Although Dennehy describes himself as a more instinctual than intellectual actor, he has done some thinking about Erie, the low-rent craps shooter chewing a night clerk’s ear off in Hughie. "It’s interesting about this part. O’Neill can be described in many ways, but one of the words you probably would not automatically use in relation to him is delicate. He’s usually powerful but uncomplicated. But Erie is an unusually delicate, contradictory character. He strikes you as being single-dimensional, not thug-like but a street guy. And if it’s done right, he reveals himself to be extremely sentimental and emotional and delicate by the end of the show.

"The thing about Erie is that he’s constructed himself into something that is very different from what he was. He’s made himself into this New York guy, this wise guy, this Broadway guy — what he thinks a Broadway guy looks and sounds like. As O’Neill does a lot of the time, it’s got a real strong sound, which you’ve got to deal with.

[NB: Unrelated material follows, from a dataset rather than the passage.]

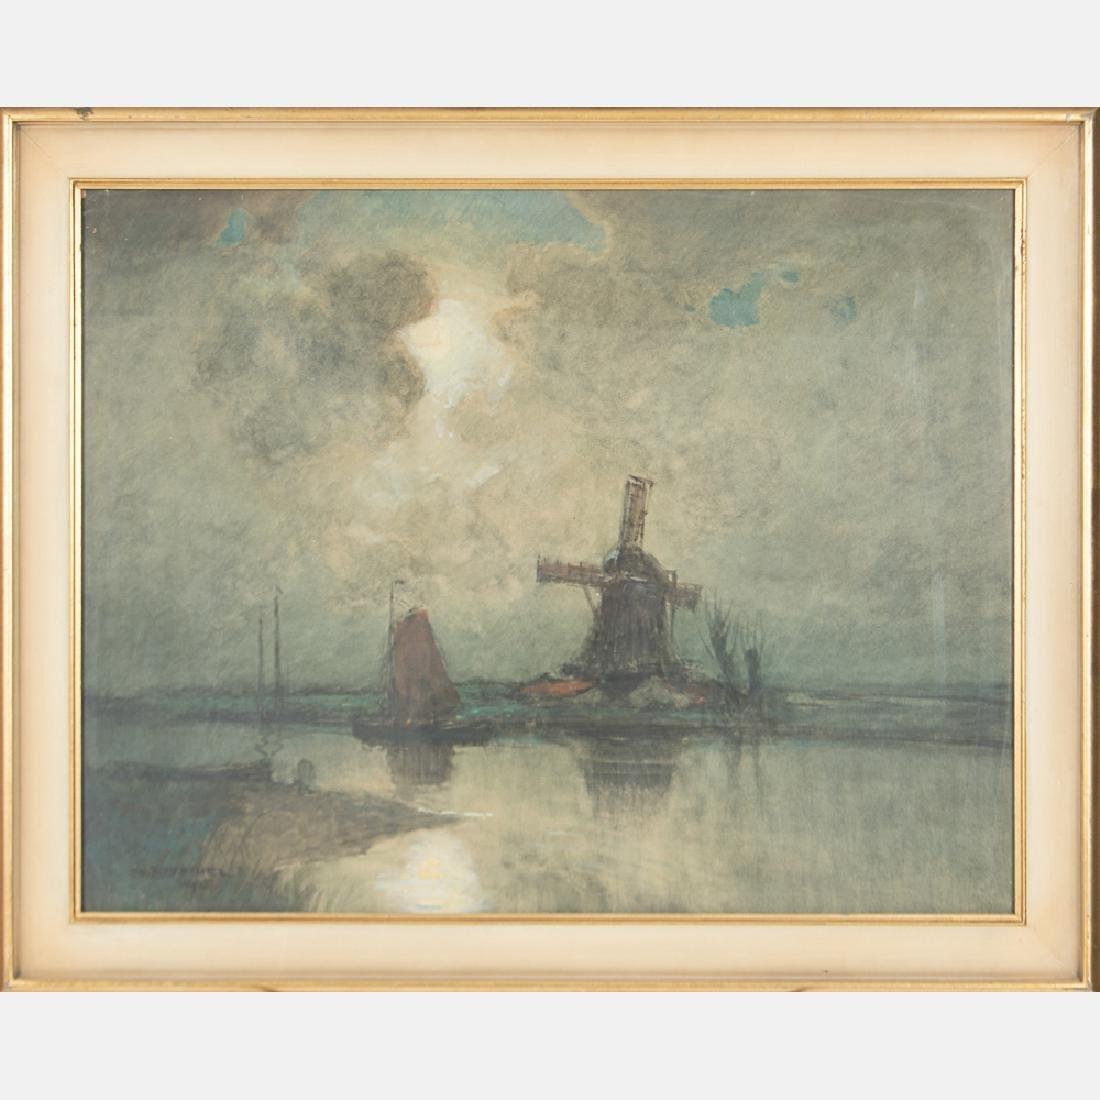 William Frederick Ritschel (1864-1949) Moonlit Harbor

And he has a real specific character. What you realize when you start to work on it is that it’s not his character at all. But you can’t lose the fact that from the beginning he puts up this façade that’s very strong — misleading, but authentic in a sense. And it works. Unlike Willy and Tyrone, where you’re trying to find the reality of the character, with Hughie you’re trying to find the bullshit of the character. You’ve got to find the bullshit of the character, and then you’ve got to hide the reality and let the reality peek through. But the bullshit’s much more important to him than the reality."